I was curious about the mothers who got vaccinated during pregnancy but then refused vaccines for their child after they were born, (seemed odd) so I started calling them for follow up. The only answer I got, was that the women who were vaccinated during pregnancy produced "medically fragile" children and were for the first time, now suspicious of vaccines - because of the problems their baby was born with, i.e., things like microcephaly, a major organ defects, etc.
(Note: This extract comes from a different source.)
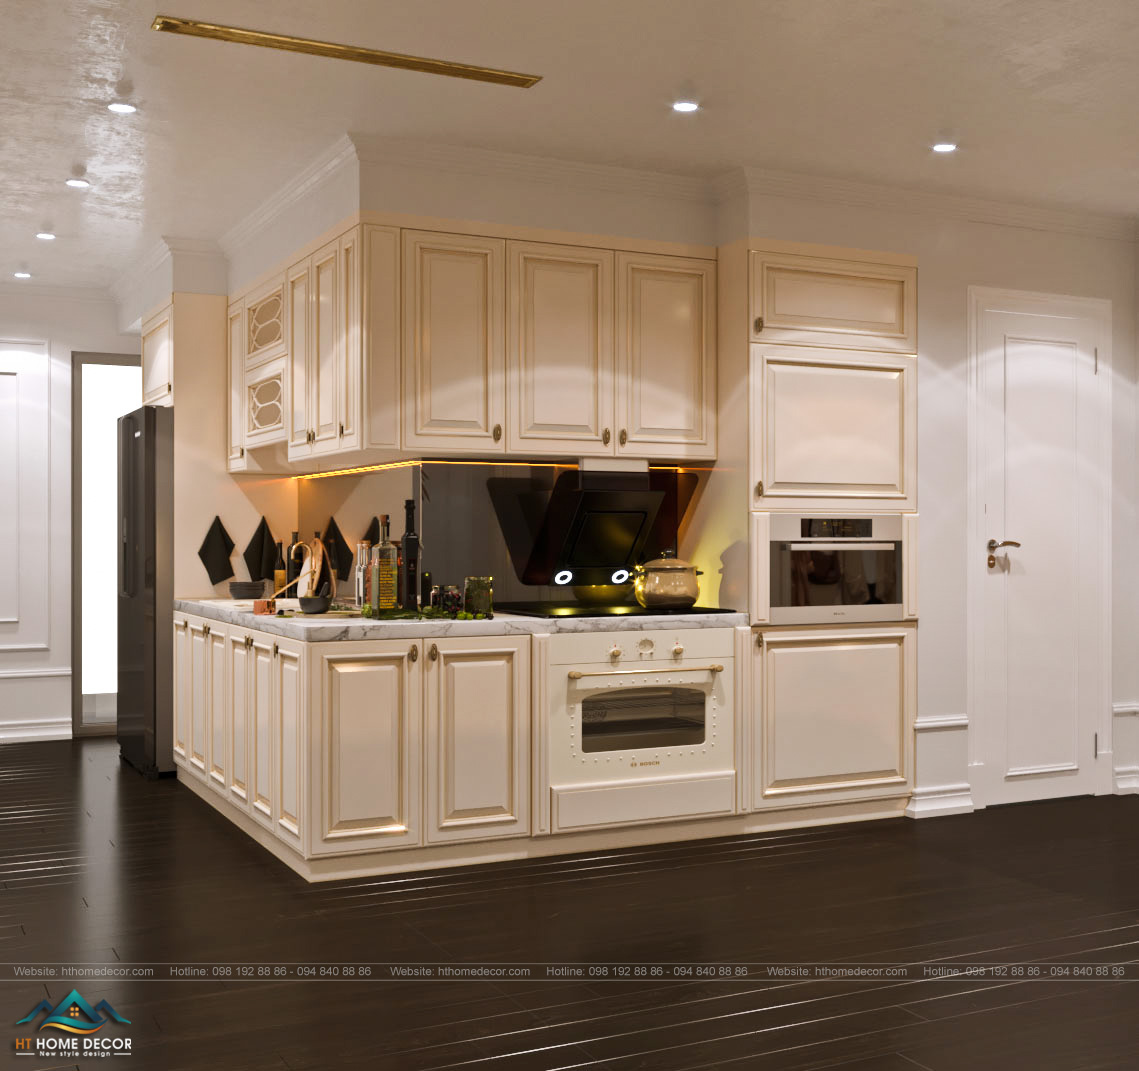 Tủ bếp cũng mang màu kem nhẹ nhàng, đơn giản, tạo nên không gian ấm áp cho thiết kế nội thất chung cư.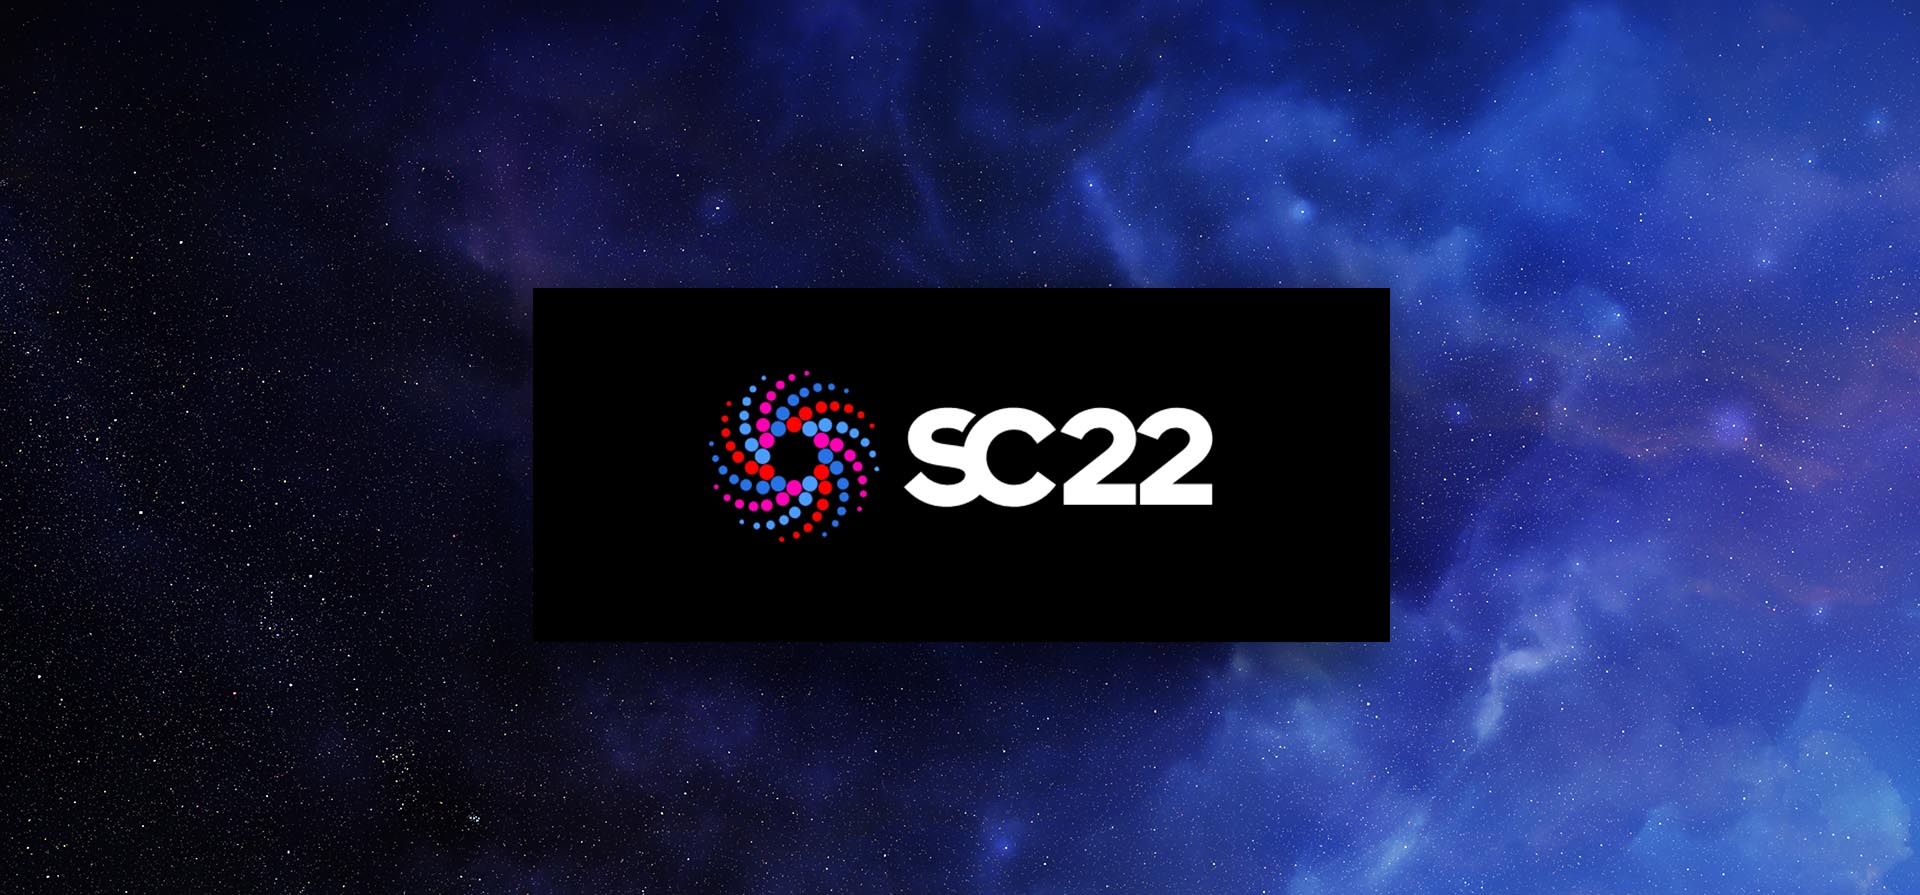 SC22 Provides Glimpse into Tomorrow’s Data Center

The only justification I could find for aluminum in the K-shot was the claim that it helps "balance the PH", which of course makes no sense. I routinely balance the PH in my pool with SAFE things. It would never occur to me to dump oxidized aluminum into the pool.
Godspeed Chris.
I believe the ONLY reason they chose to use aluminum was to produce autism and other vaccine-related injuries in "unvaccinated" children. And so pharma's logic is: "See here? There is an 'unvaccinated' child with autism. So therefore vaccines do not cause autism."